Likewise, prosecutor Jim Hicks is entitled to absolute immunity for any monetary damages claims. The Supreme Court has consistently held that acts undertaken by a government prosecutor in the course of his role as an advocate for the government are cloaked in absolute immunity. See Buckley v. Fitzsimmons, 509 U.S. 259, 269-70 (1993); Imbler v. Pachtman, 424 U.S. 409, 431 (1976). The Court has further explained that absolute immunity is afforded based upon whether the prosecutor is acting "in his role as advocate for the State." Imbler, 424 U.S. at 431 n.33. Here, even assuming Plaintiff's allegations against Jim Hicks are true, Hicks would have taken such actions only in his role as a prosecutor on behalf of the State of Texas.
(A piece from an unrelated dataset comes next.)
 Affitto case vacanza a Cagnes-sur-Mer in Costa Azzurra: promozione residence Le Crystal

Thus, defendant Jim Hicks is entitled to absolute prosecutorial immunity from any claim for monetary damages, and such claims must be dismissed.
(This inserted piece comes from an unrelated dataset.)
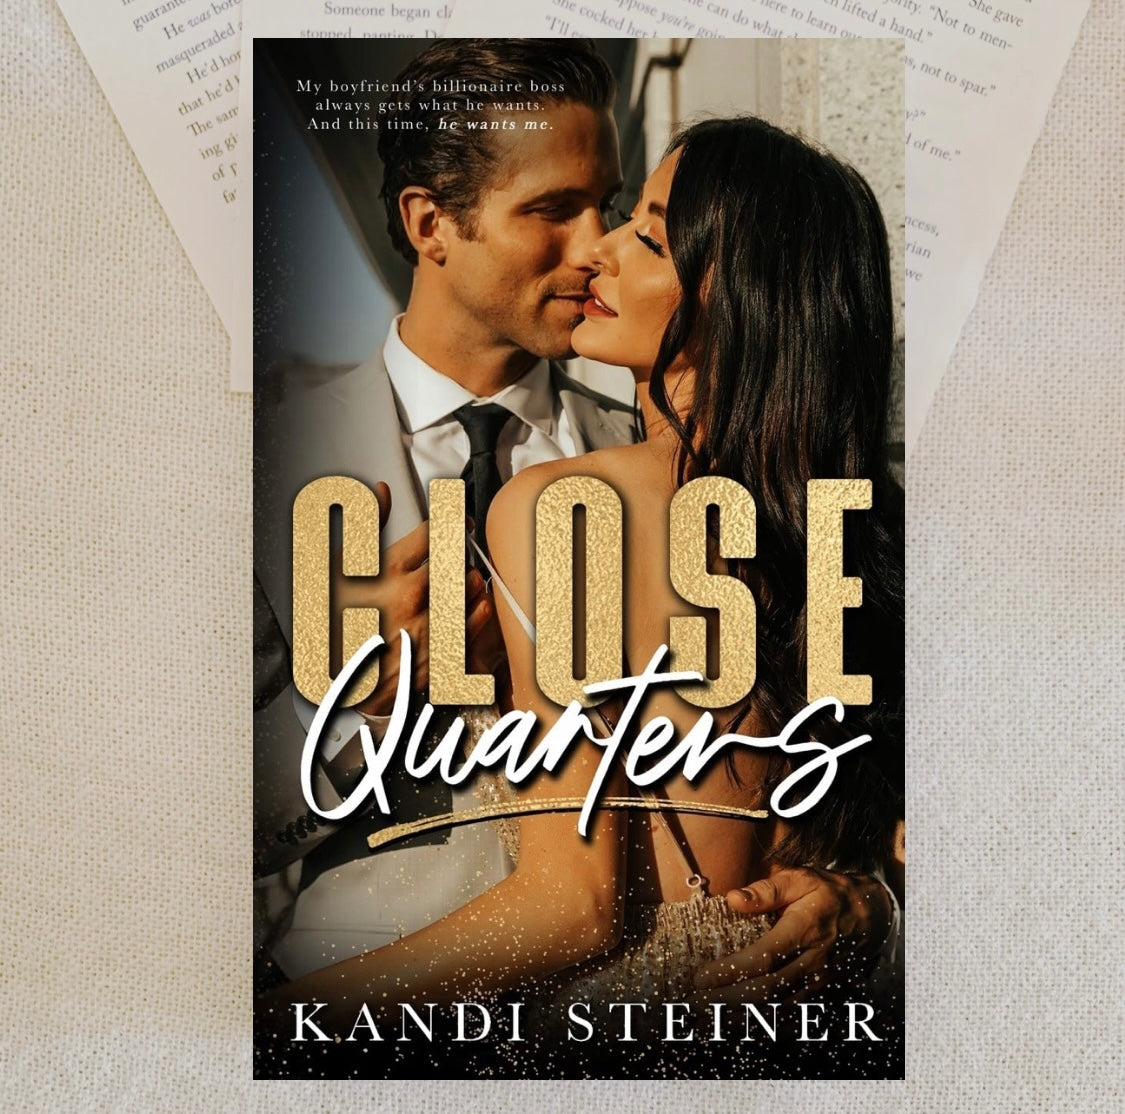 Close Quarters by Kandi Steiner

B. Private Attorney-No Color of Law

Plaintiff seeks relief under 42 U.S.C. § 1983. Section 1983 "provides a federal cause of action for the deprivation, under color of law, of a citizen's 'rights, privileges, or immunities secured by the Constitution and laws' of the United States." Livadas v. Bradshaw, 512 U.S. 107, 132 (1994). It "afford[s] redress for violations of federal statutes, as well as of constitutional norms." Id. In order to assert a claim for relief for violation of federal constitutional rights under 42 U.S.C. § 1983, a plaintiff must set forth facts in support of both of its elements: (1) the deprivation of a right secured by the Constitution or laws of the United States; and (2) the deprivation was imposed by a person acting under color of law. See West v. Atkins, 487 U.S. 42, 48 (1988) (citing cases); Resident Council of Allen Parkway Village v. U.S. Department of Housing and Urban Development, 980 F.2d 1043, 1050 (5th Cir. 1993). As to Ivie's allegations against his attorney, Landon Hays Thompson, he has failed to satisfy the second element on many of his claims. Ivie has failed to show that Thompson, a private attorney, acted under color of law on the bulk of Ivie's challenged conduct. Because an attorney, whether private or appointed, owes his only duty to the client and not to the public or the state, his actions are not chargeable to the state. See Thompson v. Aland, 639 F.Supp. 724, 728 (N.D. Tex. 1986) (citing Polk County v. Dodson, 454 U.S. 312, 318 (1981)); see also Pete v. Metcalfe, 8 F.3d 214, 216-17 (5th Cir. 1993). On the bulk of Ivie's claims against the direct actions of his counsel, including his claims that counsel provided ineffective assistance of counsel on a number of grounds, Ivie has not shown that his attorney was acting under color of law, so any claim for violation of his constitutional rights asserted through 42 U.S.C. § 1983 directly against this defendant must be dismissed.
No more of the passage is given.